The above and other objects and advantages of the present invention will become more readily apparent after review of the hereinafter set forth Brief Description of the Drawings, Detailed Description of the Invention, and Claims. BRIEF DESCRIPTION OF THE DRAWINGS FIG. 1 is a flowchart illustrating the mapping process of the present invention, specifically illustrating the record, key, and coordinate templates of the process. FIG. 2 is a flowchart illustrating the process of detecting duplicate entries, and specifically illustrating the template definition, key optimization, and record location processes.

FIG. 3 is an illustration of a defined template created from the QWERTY keyboard wherein the likelihood of errors is assumed to occur from typing errors due to key proximity.

FIG. 4a is a flowchart illustrating base template generation. FIG. 4b is a flowchart illustrating the optimization of the base template generated from the process of Fig. 4a.

FIG. 5 is a flowchart illustrating the process of key creation. FIG. 6 is a representative diagram of a host computer environment in connection with other computers and databases though a local area network (LAN) and through the Internet.

DETAILED DESCRIPTION OF THE INVENTION Referring to the drawings, in which like numbers indicate like elements throughout the views, Fig. 1 is a flowchart illustrating the present inventive method for finding near-matches among records in one or more databases. The present invention is a result of extending and enhancing the concepts of multiple discriminant analysis to locate each record in discriminant space (hereafter referred to as sim-space). The system selects a record 12 in one or more databases to dimension, shown at step 10, and record 12, and a key applied to the record 12, shown at step 14, to create a keystring 16. Each character position in the keystring, such as keystring 16, preferably represents a dimension of the record, although other aspects of this invention can use each character position to represent two or more dimensions. The system then determines the coordinates for each character in the in keystring through a selected template, shown at step 18, such as template 20.

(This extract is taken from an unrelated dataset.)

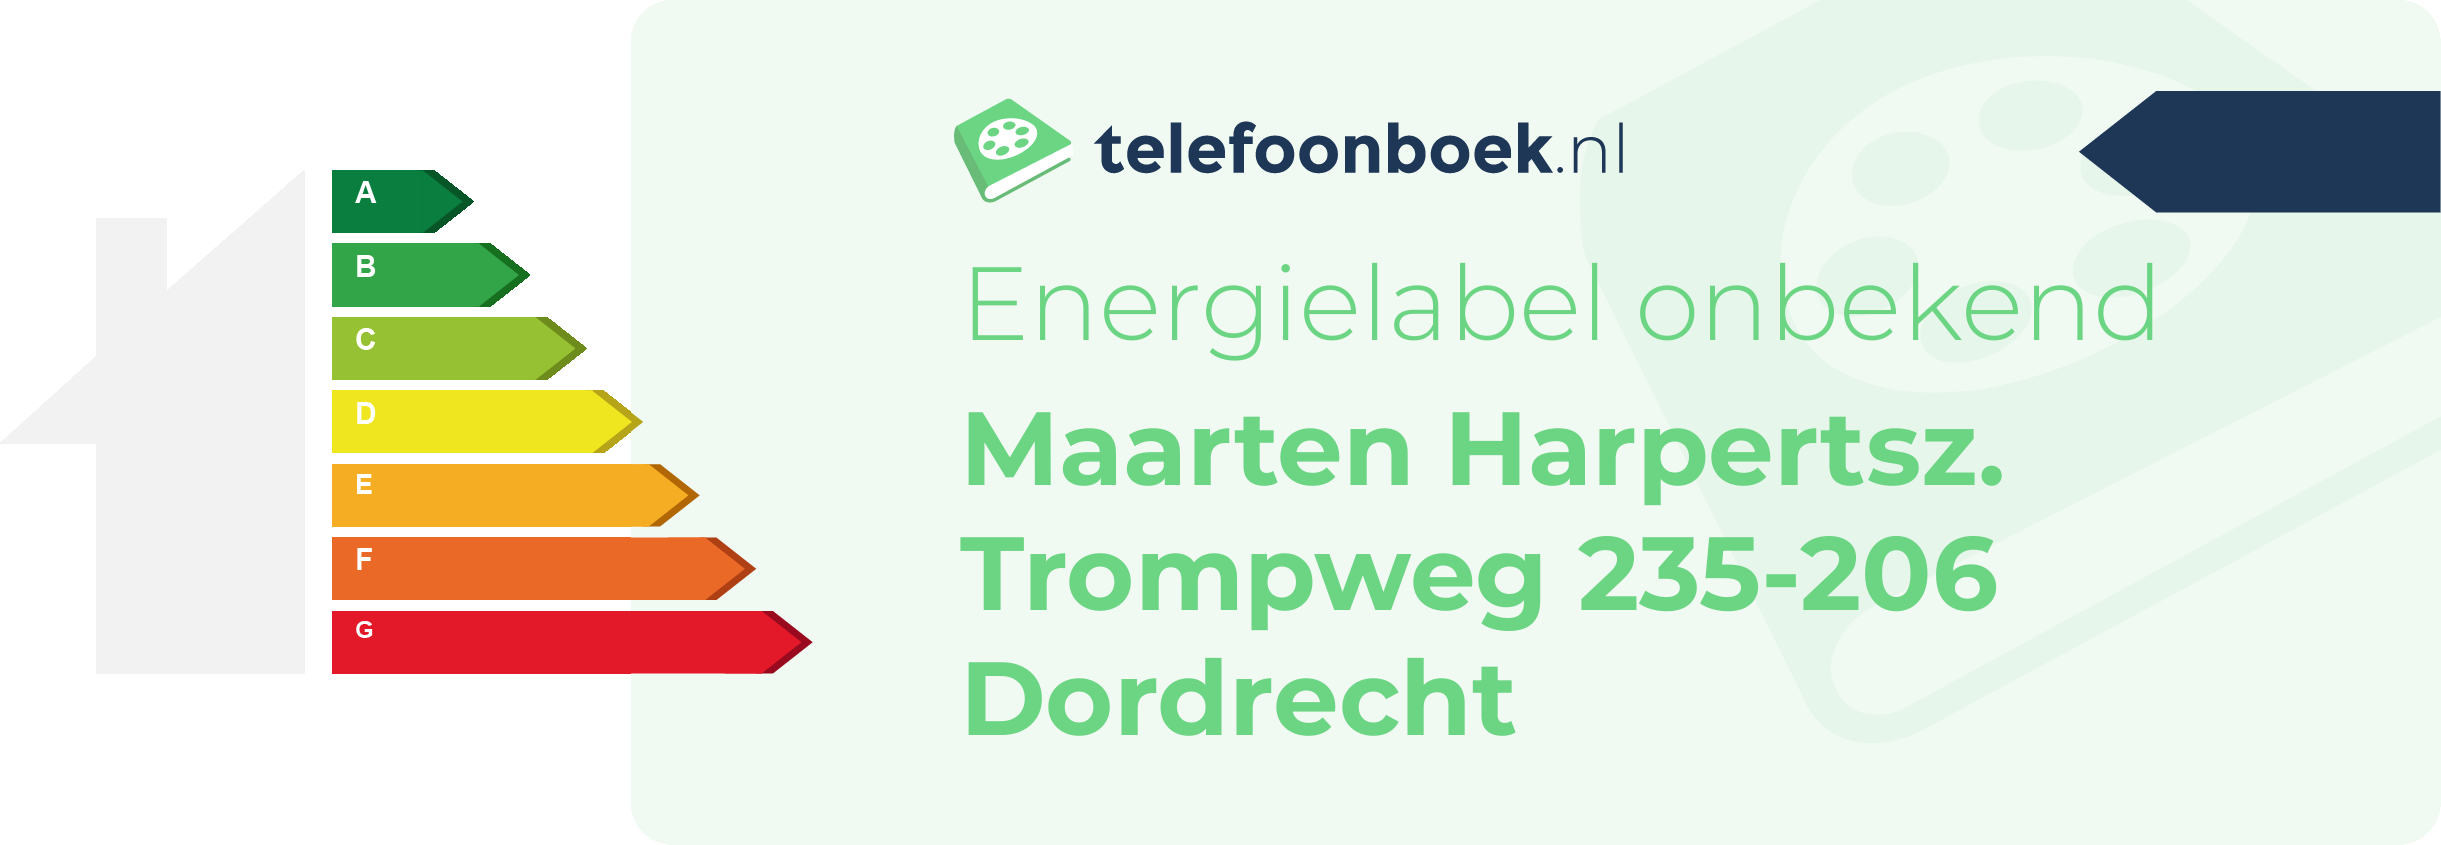 Energielabel Maarten Harpertsz. Trompweg 235-206 Dordrecht

Pre-determined "templates," such as template 20, define the actual coordinates of a record in sim-space. These templates provide a conformal mapping for each character in the keystring to a coordinate (or coordinates) in sim-space. Although shown here as ASCII characters, other characters that can be used in the present invention include the full English alphabet, numbers, words, special characters such as n (Spanish), ό (German), or ø (Norwegian), or can consist of entire non-Roman alphabets such as Greek, Russian, Arabic, Hebrew, Chinese, or Japanese characters.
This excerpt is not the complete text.